In this study, intact and sliced sausages were used to explore the feasibility of using hyperspectral imaging to grade Cantonese sausages. The results indicated that although intact and sliced sausages could both be used for Cantonese sausage grading, intact sausages were better suited for grading with this method. The main difference among the different grades of Cantonese sausages (brand: Xishangxi) was the proportion of lean and fat meat. The mixtures of lean and fat meat in sausages were not perfectly homogeneous, the intact sausages could present more detailed information about the mixture of lean and fat meat.
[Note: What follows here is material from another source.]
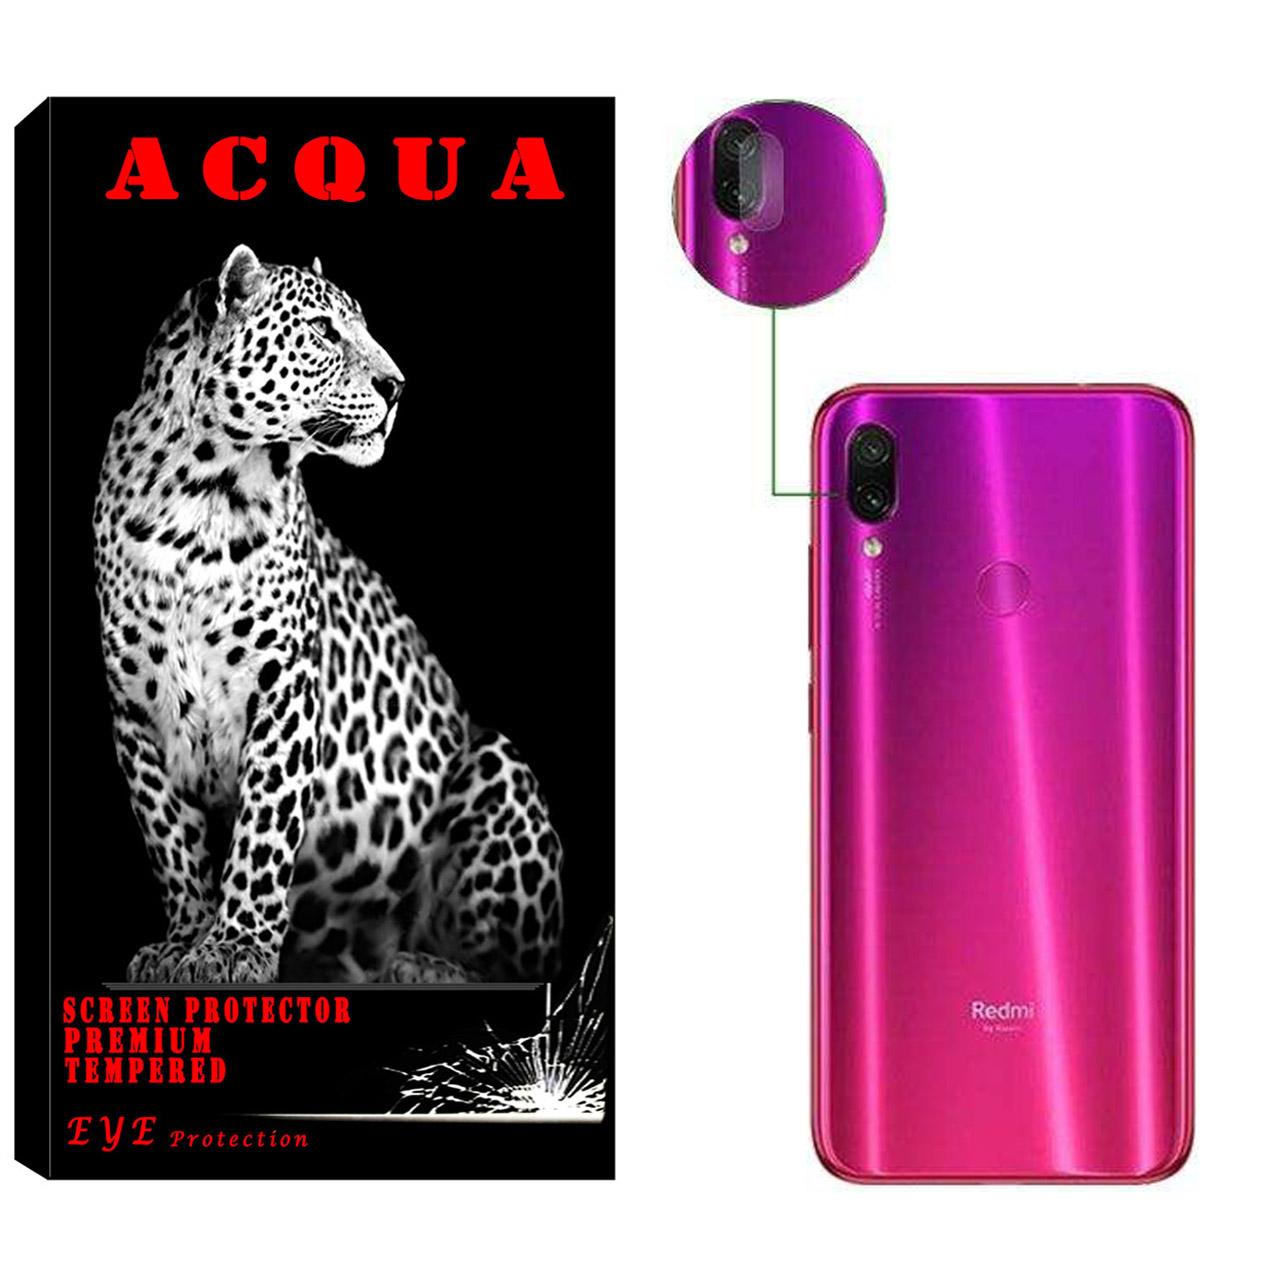 محافظ لنز دوربین آکوا مدل LN مناسب برای گوشی موبایل شیائومی Redmi Note 7 / Redmi Note 7 Pro

Although intact and sliced sausages showed differences in model performance, the optimal wavelengths selected by second spectra for intact and sliced sausages were the same, and the optimal wavelengths selected by RF for intact and sliced sausages were quite similar. The reason for this may be due to the fact that the ingredients used to produce Cantonese sausages are the same.

4. Conclusions

Hyperspectral images were used to grade Chinese Cantonese sausages, and spectral information was extracted from the intact and sliced sausages. The SVM and RF models that were built using full spectra obtained acceptable results, and both models for intact sausages performed better than those for sliced sausages. The results indicated the feasibility of using hyperspectral imaging to grade Cantonese sausages. RF and second derivative spectra were used to select optimal wavelengths for Cantonese sausage grading. Optimal wavelengths selected through second derivative spectra for intact and sliced sausages were the same, and optimal wavelengths selected by RF for intact and sliced sausages were quite similar. SVM and RF models, using the selected optimal wavelengths, obtained acceptable results, and both models using optimal wavelengths for intact sausages performed better than those for sliced sausages. The classification accuracy of both models using full spectra and the optimal wavelengths for intact sausages was over 90%. The similarity of the optimal wavelengths selected for intact and sliced sausages, and the performances of the models using optimal wavelengths, indicate the effectiveness of optimal wavelength selection through RF and second derivative spectra. The overall results indicate that hyperspectral imaging combined with chemometric methods for optimal wavelength selection could be used to grade Cantonese sausages. The results in this study will help to provide a new, fast, accurate, and non-destructive online alternative for Cantonese sausage grading, which would benefit consumers, organizations, and industry.